Mulheim.
A life without a newspaper is unthinkable for the Benders from Mülheim. The retired couple use the e-paper to keep up to date when they are out and about.

They love their newspaper, that quickly becomes clear with Gabriele and Birger Bender from Saarn. They read the printed copy in the traditional way at the breakfast table in the morning, and their WAZ goes with them – not only – in digital form when they travel. What the Mülheim couple particularly like about the digital edition, the e-paper.

The distribution of roles is clear here – at least when it comes to reading the newspaper: in the morning he grabs the main part of the current issue and hands Birger Bender over the sports pages, the Mülheim local section and the cultural reporting to his wife Gabriele. This sociable sharing of newspapers is part of the morning ritual for the people of Saarland, just like freshly brewed coffee. On vacation, reading at the same time becomes a little more difficult, because then the daily newspaper appears on your tablet – as an e-paper. Since the device cannot be divided into two parts, the Benders usually travel with even more technology: one then reads on the tablet, the other on the laptop, Birger Bender describes the alternative far away from home.

In addition to the digital edition, the Mülheim couple also use the printed newspaper

However, Gabriele cannot imagine switching completely to digital – yet. “I couldn’t live without a printed newspaper, it’s just my medium. I love the effect when you turn the pages,” describes the 66-year-old, even though she admits: “Saving paper is important.” In this case, however, environmental protection by doing without printed matter would mean too much deprivation for her. So the freshly printed copy lands in the Benders’ mailbox every morning – as it has for decades.

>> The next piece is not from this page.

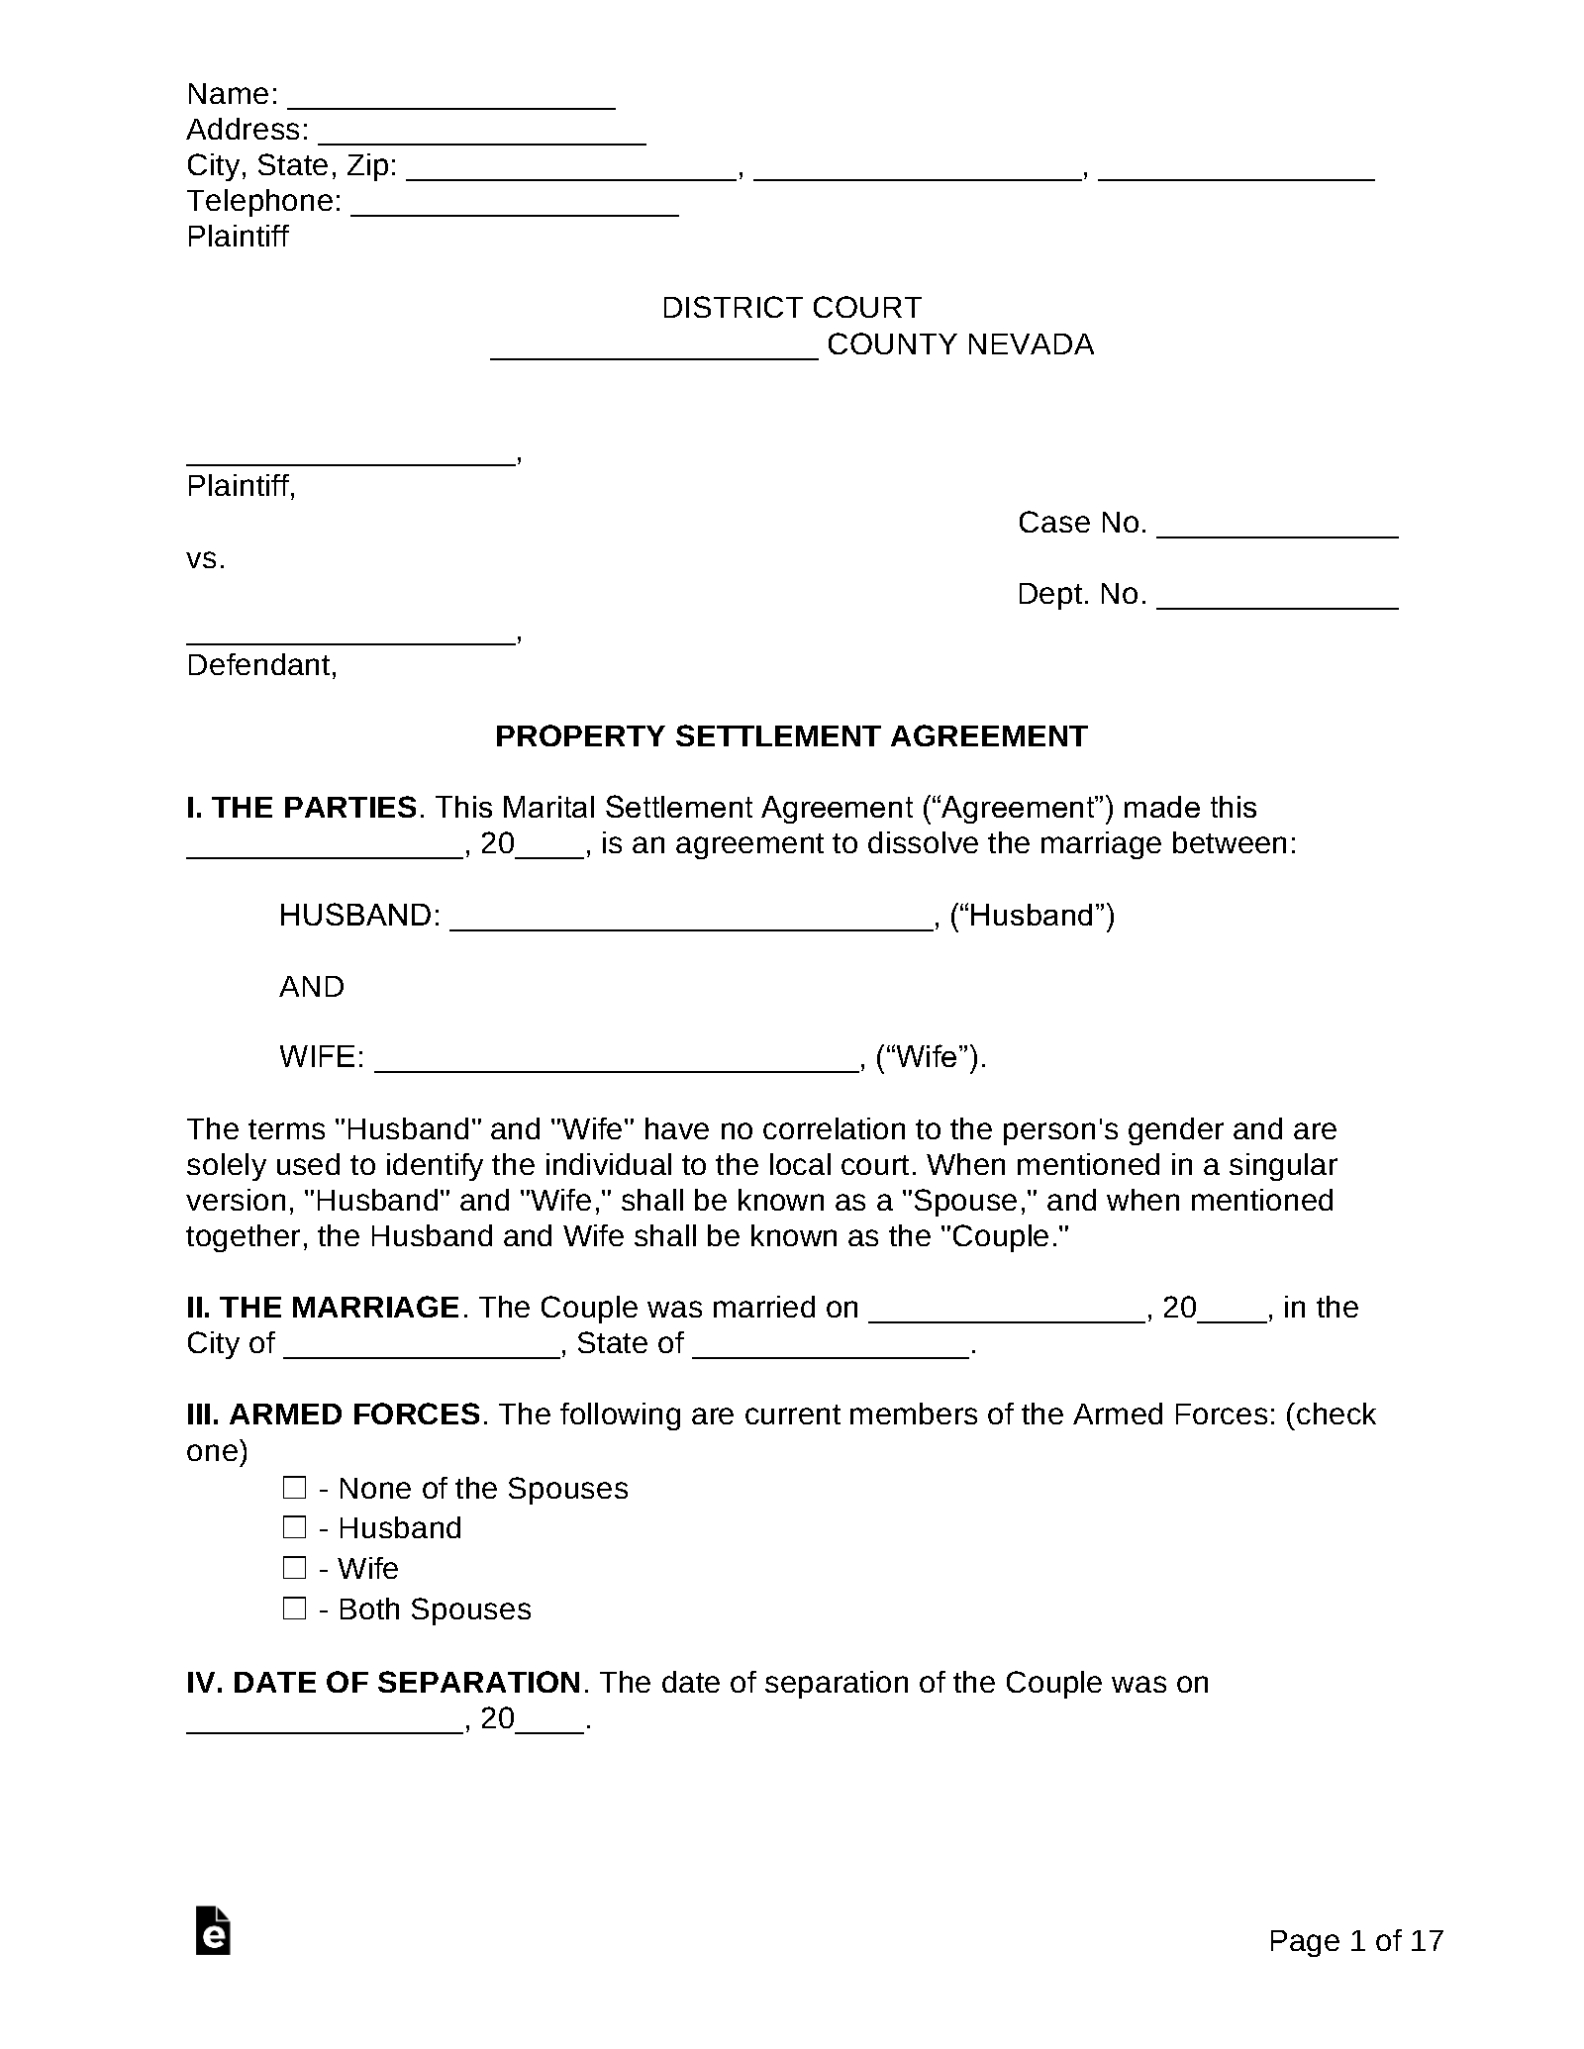 Free Nevada Marital Settlement Agreement - Pdf | Word | Eforms Intended For Property Settlement Agreement Sample

And yes, the Benders also pay attention to the obituaries, after all they contain important news, says Birger Bender: “I find out from the newspaper who died.” He grew up in Saarn, knows a lot of people from his area and wants to know the 65-year-old describes what happened.


A 65-year-old from Mülheim reads the exact image of the printed newspaper on his tablet

The advantages are obvious for him. The e-paper as a digital copy of the printed newspaper is already available the evening before. “I look in there when something spectacular has happened,” says the former mining engineer and finds it “fascinating that the edition is updated” when the newspaper editors have published a revised version of an article behind their screens.

The 65-year-old expertly wipes his finger page by page through the digital edition, which is an exact copy of the printed newspaper.

“We decided to do it at some point when we went on vacation. We were in France for three weeks – that would have been too long for us without news from home,” recalls Gabriele Bender, who worked as an assistant at Tengelmann.

The digital travel companion, which has the headlines – not only – from Mülheim in its luggage, was recently there when Birger Bender was staying with a group of Mülheim residents in the holiday home of the Broich-Saarn parish in Westkapelle in the Netherlands. “When I was on kitchen duty, I was able to ask the others at 7:30 in the morning: Did you get that from Mülheim?” the pensioner says, not without a mischievous grin.

The Mülheim edition is stapled to the start page of the e-paper and is easily accessible

His messages from Mülheim are only a few taps or mouse clicks away: “I stapled the Mülheim issue in the e-paper so that I ended up in the right local section.”

The Benders find it practical that they can also call up all the other local editions of the WAZ, but not as exciting as what is happening on their doorstep – at most Gabriele Bender uses the function for cultural matters and wanders through the e-paper, for example to the Duisburger Culture.

+++ Also read: Needy people in Mülheim: We want to help them with donations +++

Will they one day disappear behind a screen over coffee in their cozy house in Saarn to read the newspaper? “That would be like in the cartoon,” Birger Bender shakes her head. For his wife, too, that would be a future scenario that seems light years away. For Gabriele Bender it is clear what she would miss the most – despite the current news: “The rustling of the newspaper.”